Tuesday, July 28, 2020

Comparative View on Modernism and Postmodernism

Modernism
Postmodernism
Modernism is defined as “a style and movement in art, architecture and literature popular in the middle of the twentieth century in which modern ideas, methods, and materials were used rather than the traditional one”
Postmodernism is defined as “a style and movement in art, architecture, literature, etc. in the late twentieth century that reacts against modern styles, for example, by mixing features from traditional and modern styles.

Modernism is “roughly coterminous with the twentieth century western ideas about art.” It is “the movement in visual arts, music, literature and drama which rejected the old  Victorian standards of how art should be made, consumed and what it should mean. The stalwarts of modernism in literature endeavoured to redefine what poetry and fiction could be and do. T.S. Eliot, Ezra Pound, Virginia Woolf, James Joyce, Proust, Kafka, Mallarme, Rilke, etc, are the doyens of twentieth century modernism in literature

Postmodernism in relation to literary criticism owes its origin to Charles Olson who first used the term in his essays in 1950s. In the 1960s through 1970s critics like Ihab Hassan, Susan Sontag, Leslie Fiedler, Linda Hutcheon and Fredric Jameson have discussed postmodernism in relation to literature and other arts.
Post-modernism, a complicated term, emerged as an area of academic study in mid 1980s of the   last century. Its scope is very wide and comprehensive.


Modernity which preceds modernism embraces a set of philosophical, political, social ethical ideas which form the basis for the aesthetic aspect of modernism. Modernity is the condition of being modern. It denotes order, rationality, rationalization and method. It stands for creating order out of chaos.
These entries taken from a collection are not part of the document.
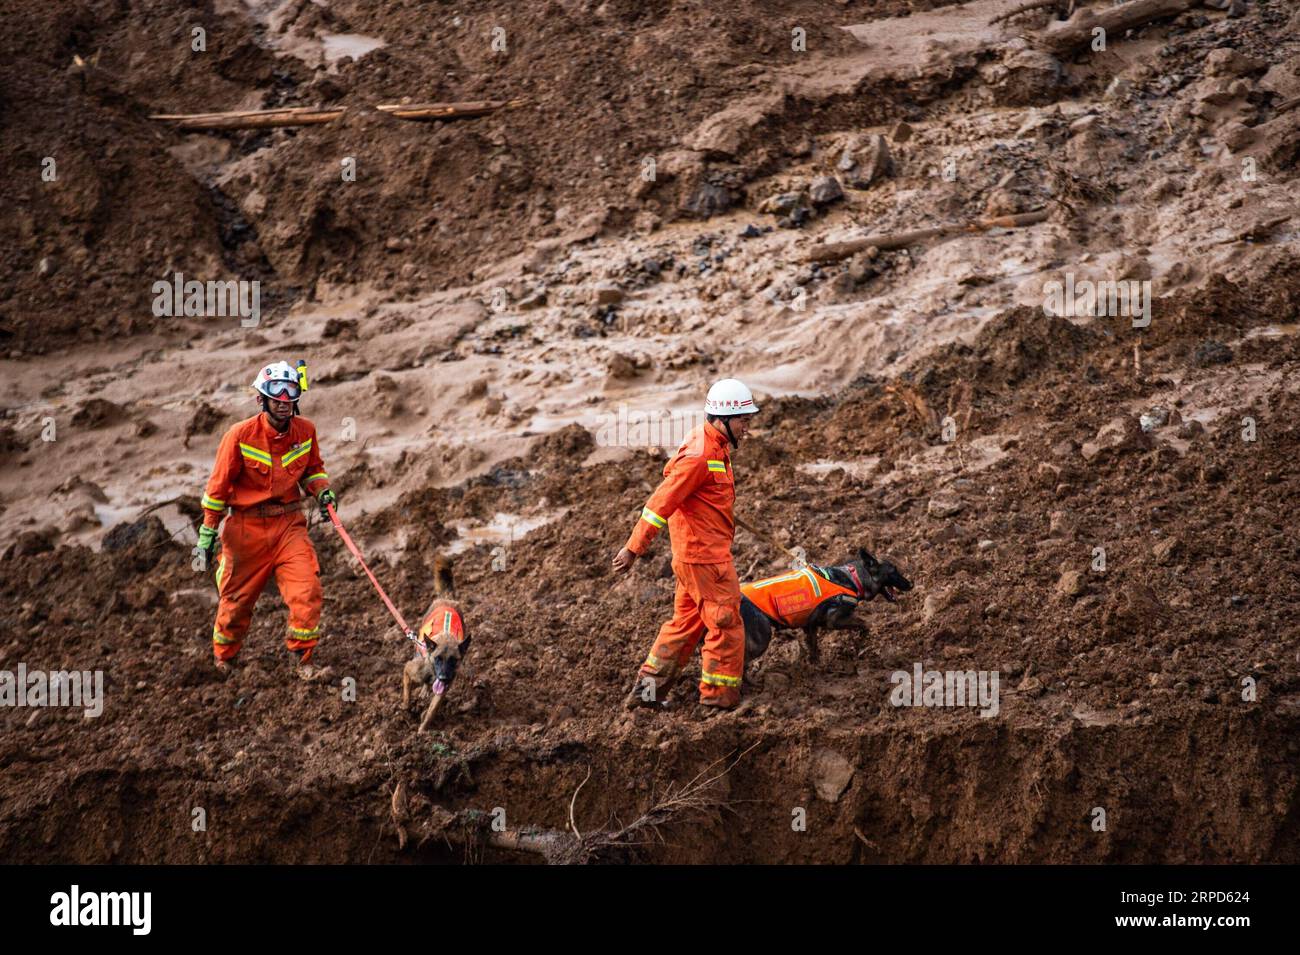 (190724) -- SHUICHENG, 24 juillet 2019 -- des sauveteurs et des chiens de sauvetage recherchent des survivants sur un site de glissement de terrain au village de Pingdi dans le comté de Shuicheng de la ville de Liupanshui, dans le sud-ouest de la Chine, province du Guizhou, 24 juillet 2019. Onze personnes sont mortes après un glissement de terrain qui a frappé le village de Pingdi mardi soir, ont déclaré mercredi les autorités locales. Vers 9:20 h (1320 h GMT) mardi, un glissement de terrain a frappé le village, enterrant 21 maisons. Plus de 50 personnes vivaient dans la zone touchée lorsque le glissement de terrain a frappé, selon les sauveteurs. Vers 11 h (0300 h GMT) mercredi, 11 personnes ont été retrouvées mortes, 11 autres Banque D'Images
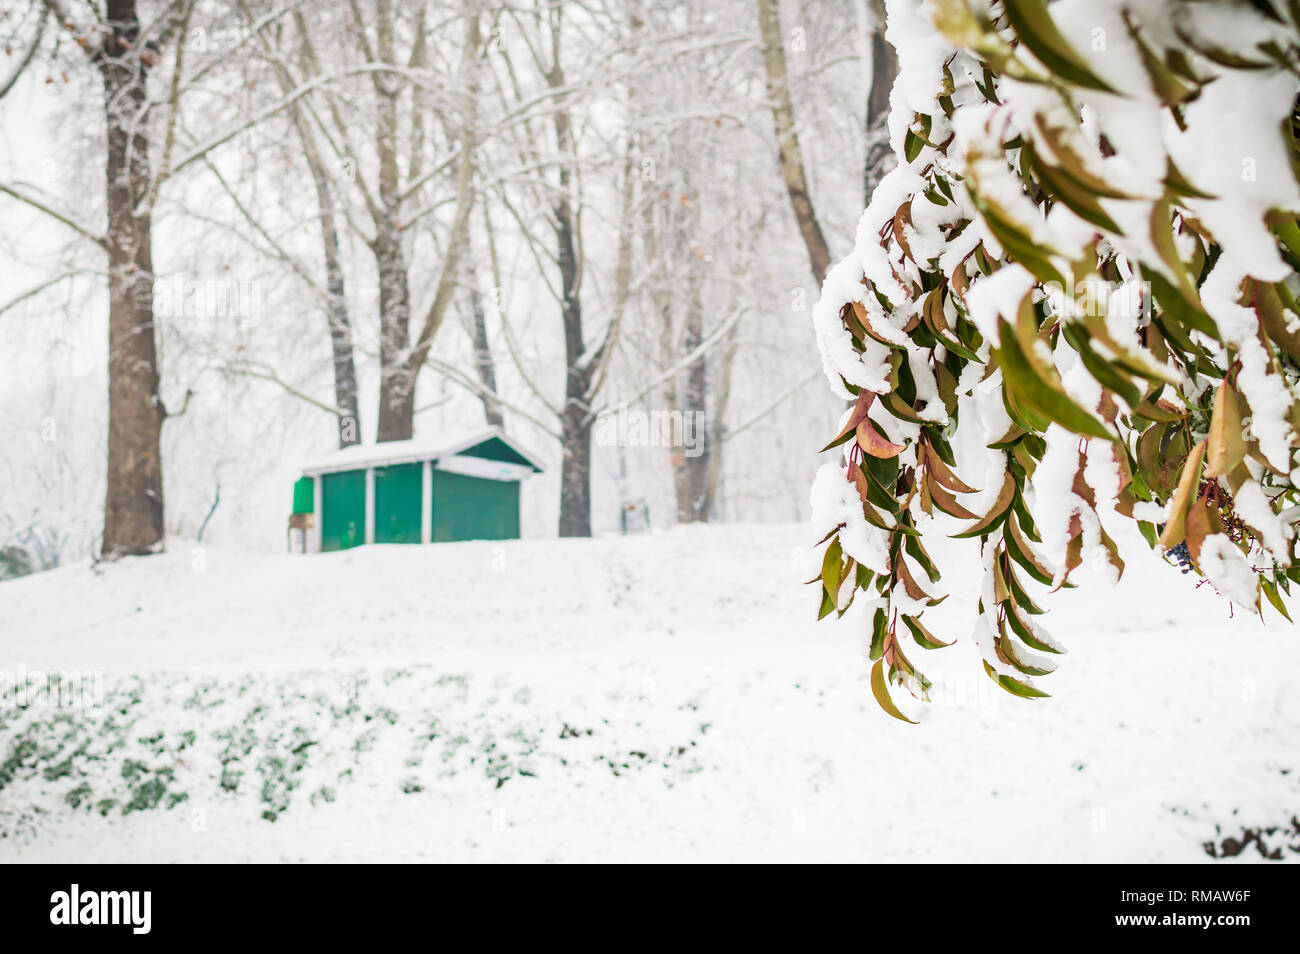 Un colore verde hut lodge cabina in un fitto bosco durante la stagione di neve. Una casa in un paesaggio invernale Foto Stock
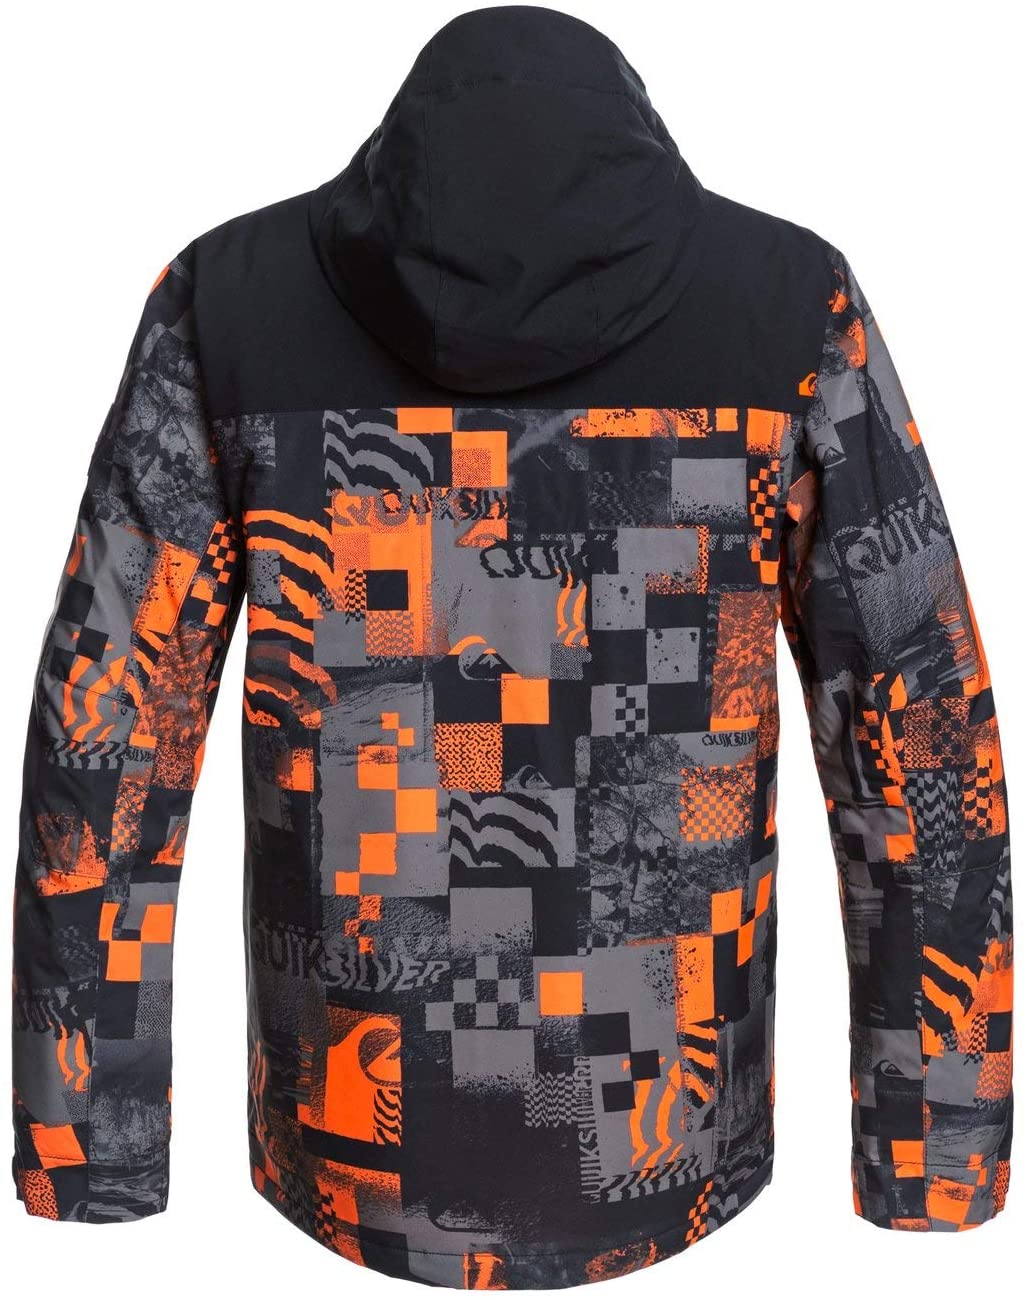 Куртка сноубордическая Quiksilver 2020-21 Morton Shocking orange radpack

The following are the characteristics of modernism that are conspicuous from literary point of view:
a.      Emphasis on subjectivity and impressions in writing as in the stream of consciousness technique. (Thus, impressionism in art and literature uses subjectivity to convey a truthful sense of reality. ... In addition, the impressionist movement focused on light and movement. It dismisses the still life images of its forebearers and rather depicts everyday life and cityscapes)
b.      A departure from the apparent objectivity provided by the omniscient third person narrators, fixed narrative points of view and clear-cut moral positions.
c.      Emphasis on fragmented forms, random-seeming   collages of different materials and discontinuous narratives.
d.      Blurring of distinction between literary forms. For example, Eliot’s poetry seems more documentary and the prose of James Joyce and Virginia Woolf seems to be more poetic.
e.      A rejection of formal aesthetic theories in favour of minimalist designs, spontaneity and discovery in creation.
f.       A rejection of the distinction between ‘high’ and ‘low’ or popular culture, both in choice of materials used to produce art and in methods of displaying, distributing and consuming art.

Postmodernism like modernism follows most of these same ideas, rejecting boundaries between high and low forms of art, rejecting  rigid genre distinctions, emphasizing pastiche, parody, bricolage, irony, and playfulness. Post-modern art stands for reflexivity and self-consciousness, fragmentation and discontinuity, ambiguity, simultaneity and an emphasis on the destructured and decentered and dehumanized subject.

(pastiche means the imitation of one style by another but unlike parody it does not contain irony or satire)
Though postmodernism seems very much like modernism in many ways, it differs from modernism in its attitude. Modernism tends to present a fragmented view of human subjectivity and history, but present that fragmentation as something tragic, something to be lamented and mourned  at loss.
Postmodernism, in contrast, does not lament the idea of fragmentation, provisionality or incoherence, but rather celebrates.
The world is meaningless. Let’s not pretend that art can make meaning, then let’s just play with nonsense.
Modernity is fundamentally about order: about rationality and rationalization, creating order out of chaos. The assumption is that creating more rationality is conducive to creating more order and that the more ordered a society is, the better it will function. Thus modern societies rely on continually establishing a binary opposition between ‘order’ and ‘disorder’.
Postmodern theorist Jean-Francois Lyotard equated that stability with the idea of ‘totality’ or a totalized system
Modernism cultivated austerity
Postmodernism is interested in pleasure.